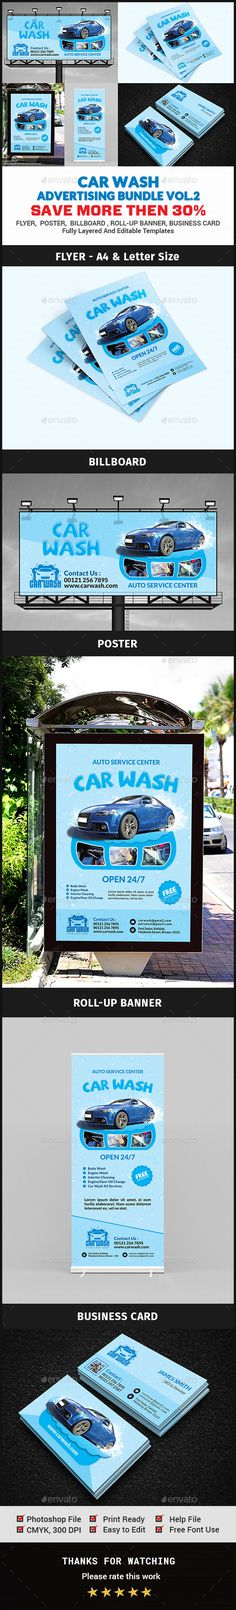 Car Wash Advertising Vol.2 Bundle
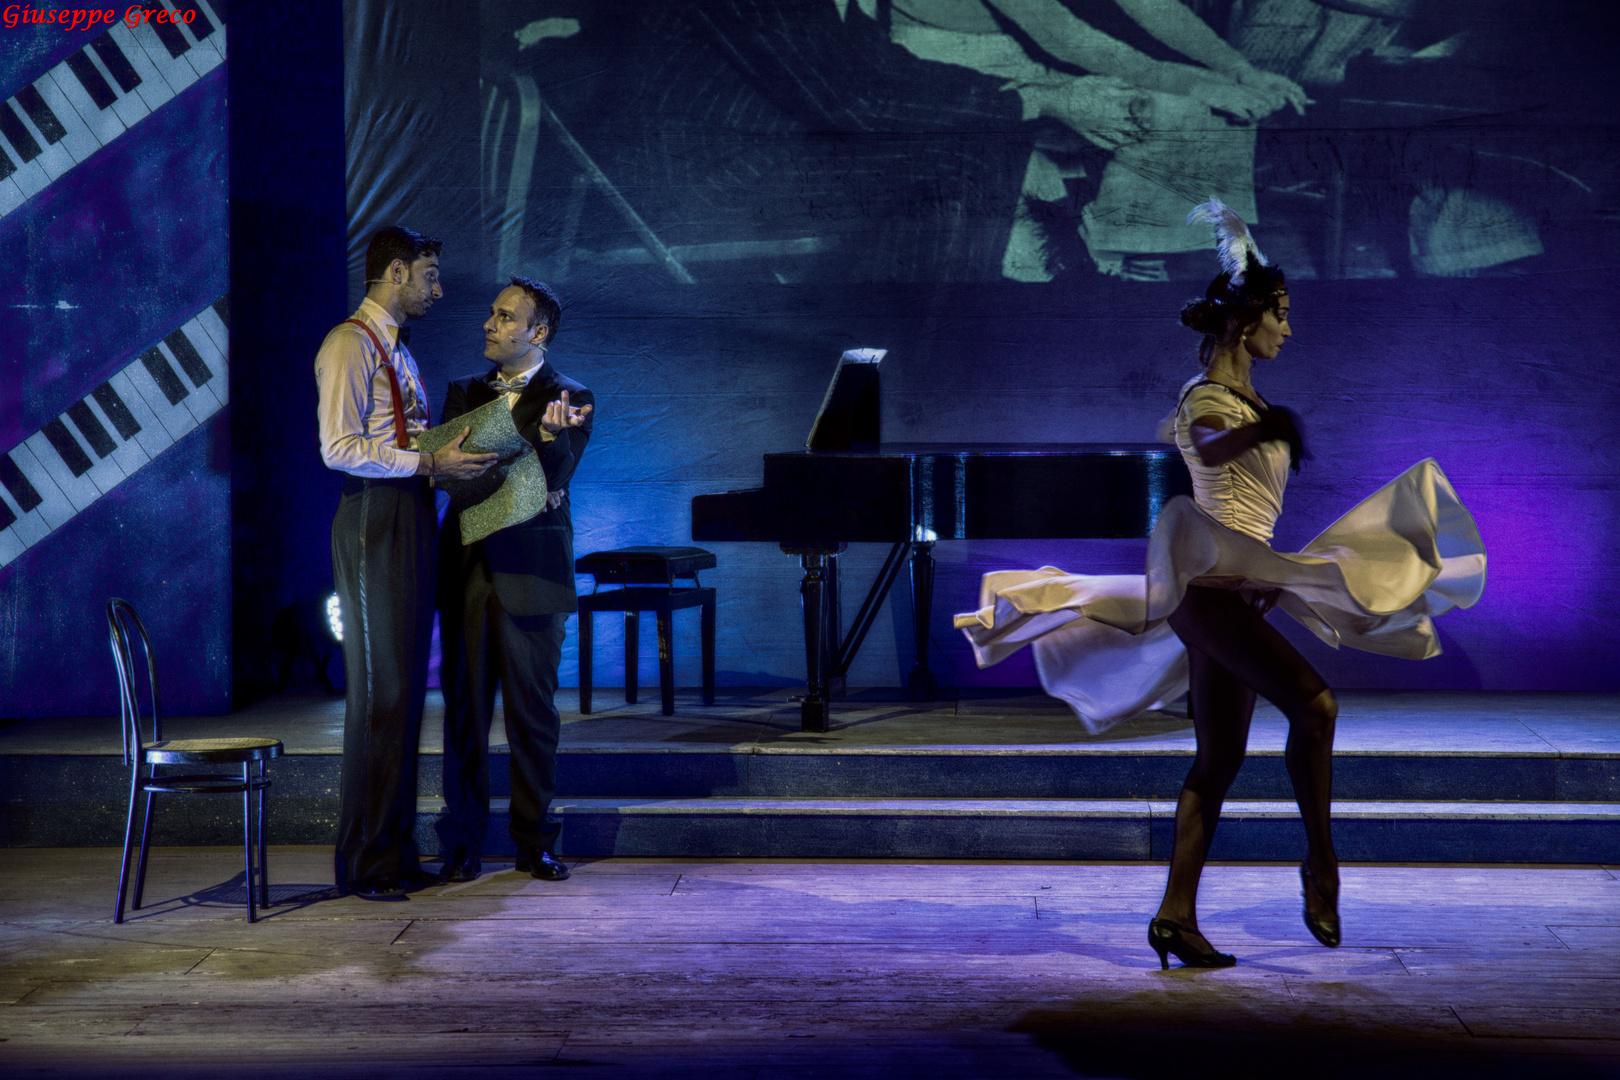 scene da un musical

==

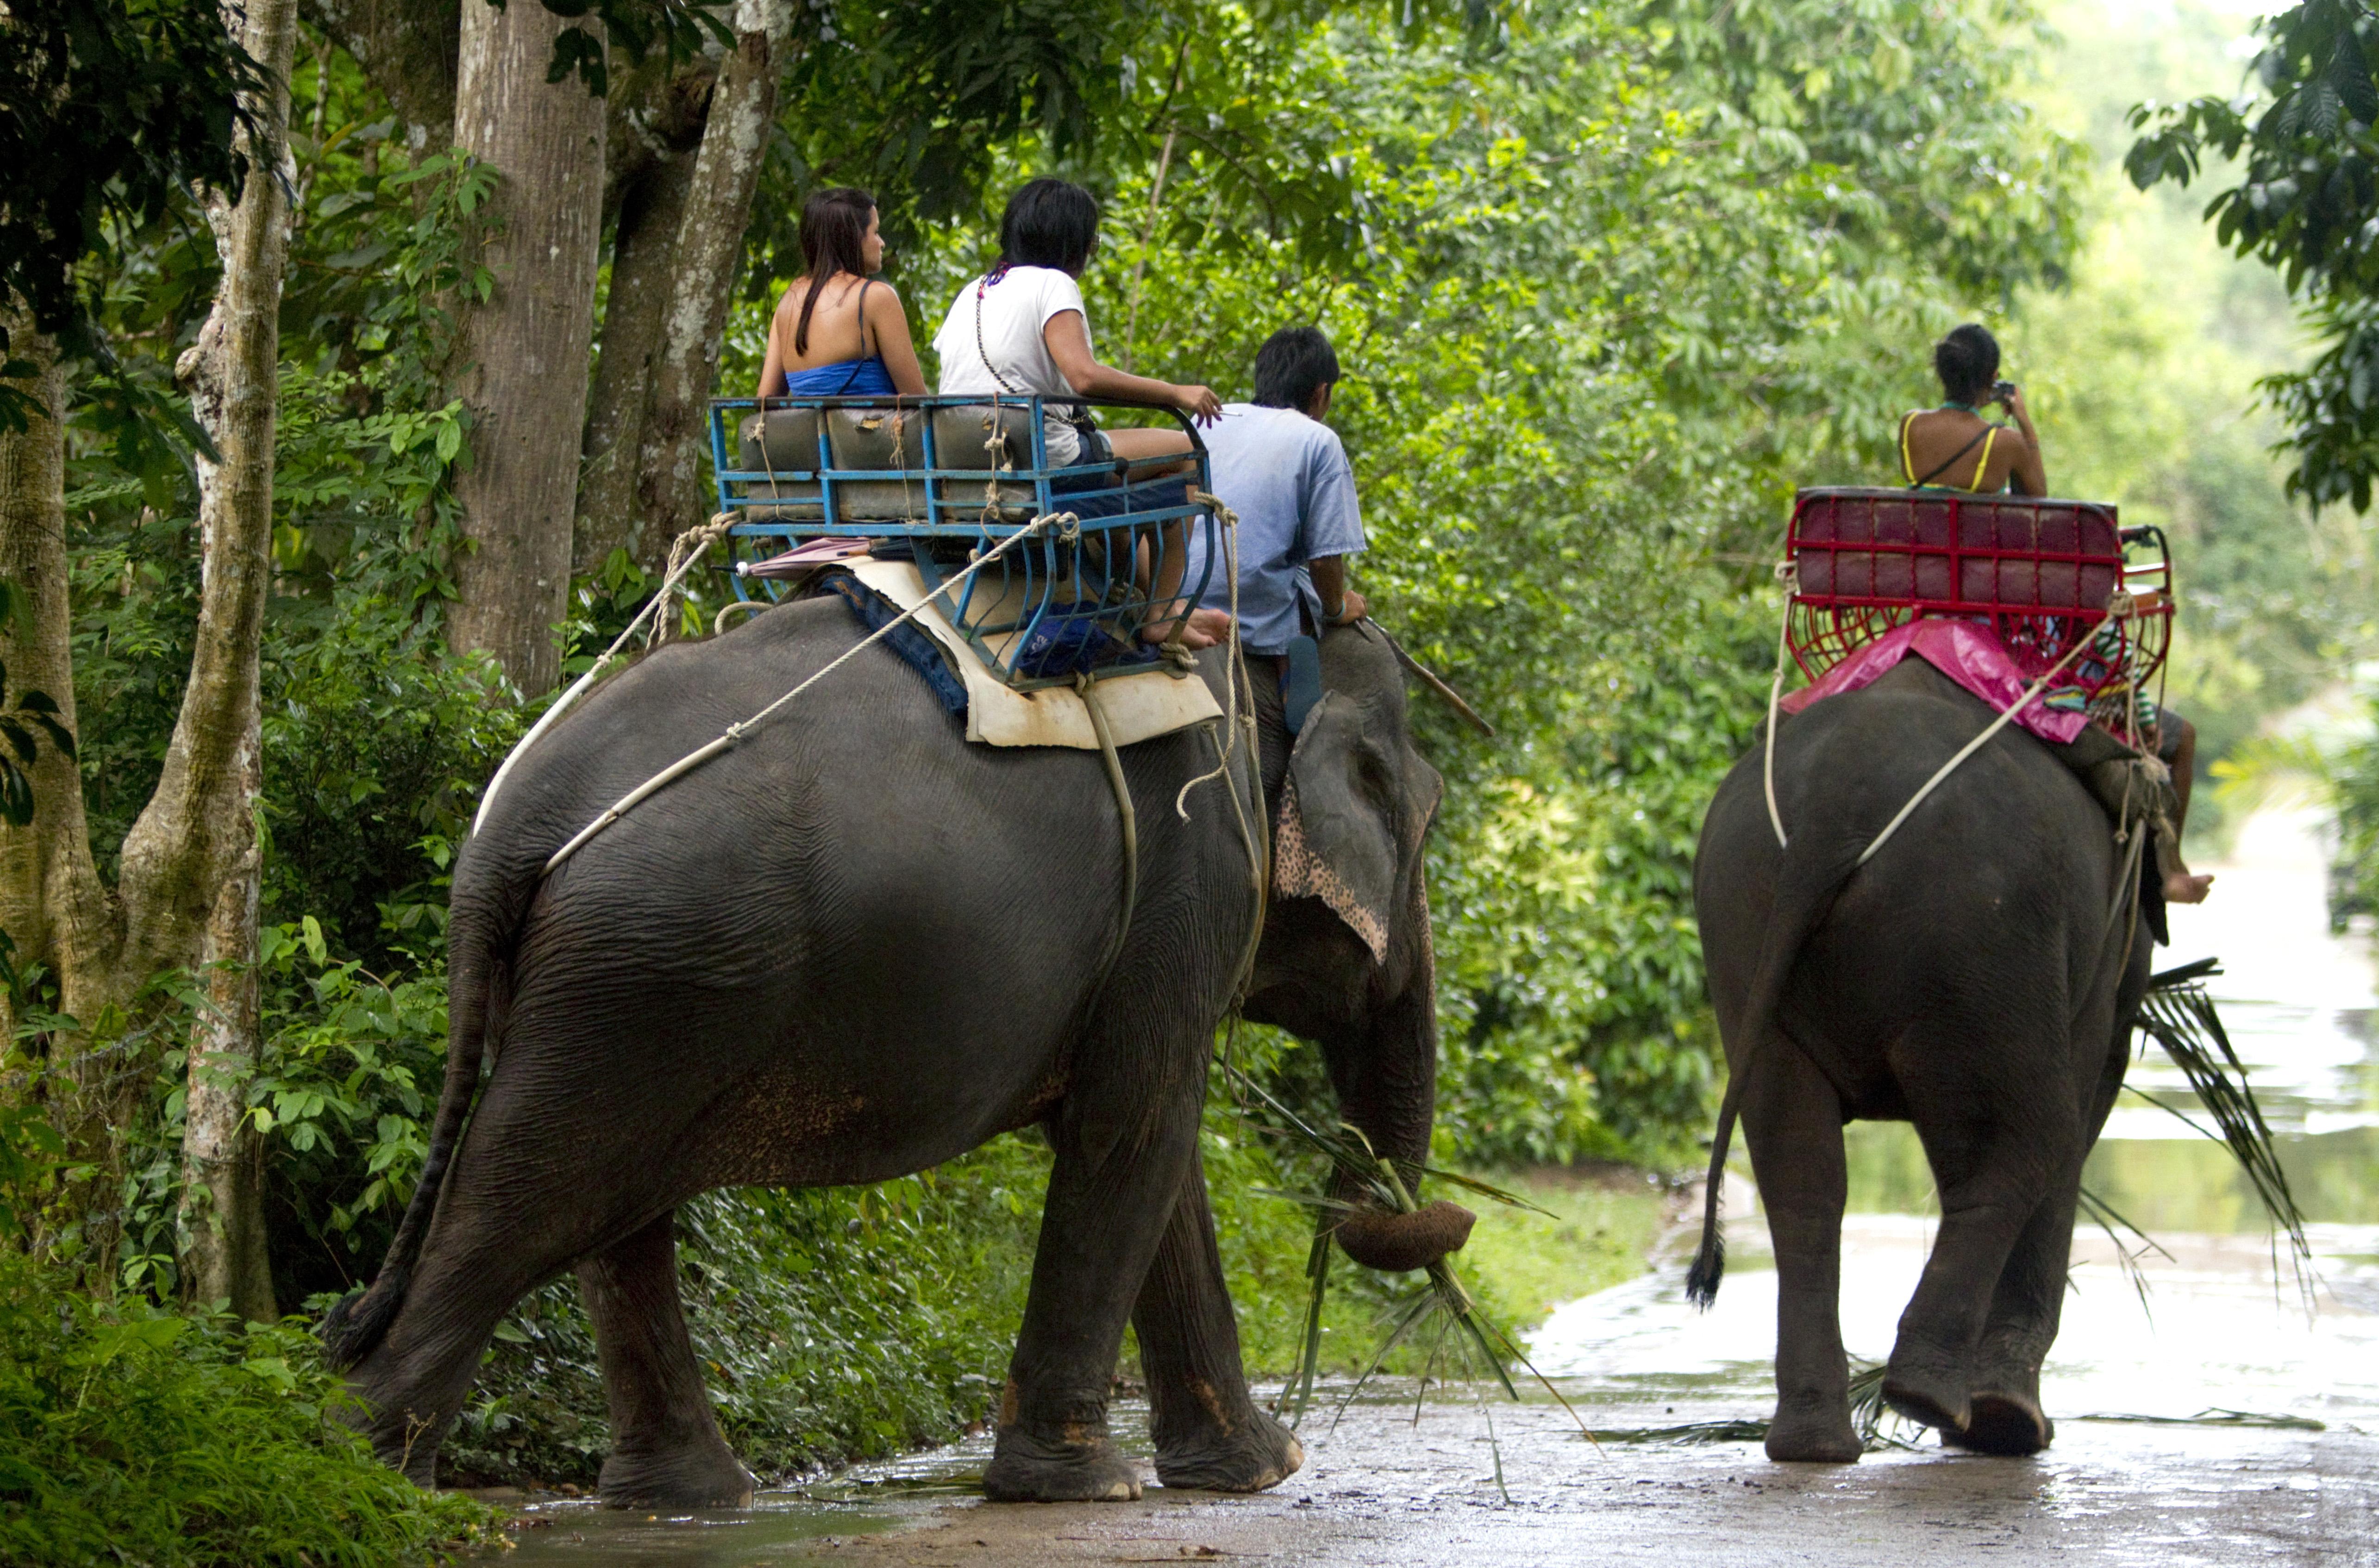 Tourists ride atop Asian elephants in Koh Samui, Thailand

Problem statement
The stretch to restate runs from the line above containing "Car Wash Advertising Vol.2 Bundle" through the line containing "scene da un musical". Copy it word for word, ends included, without pictures.

Reply
 Car Wash Advertising Vol.2 Bundle
 scene da un musical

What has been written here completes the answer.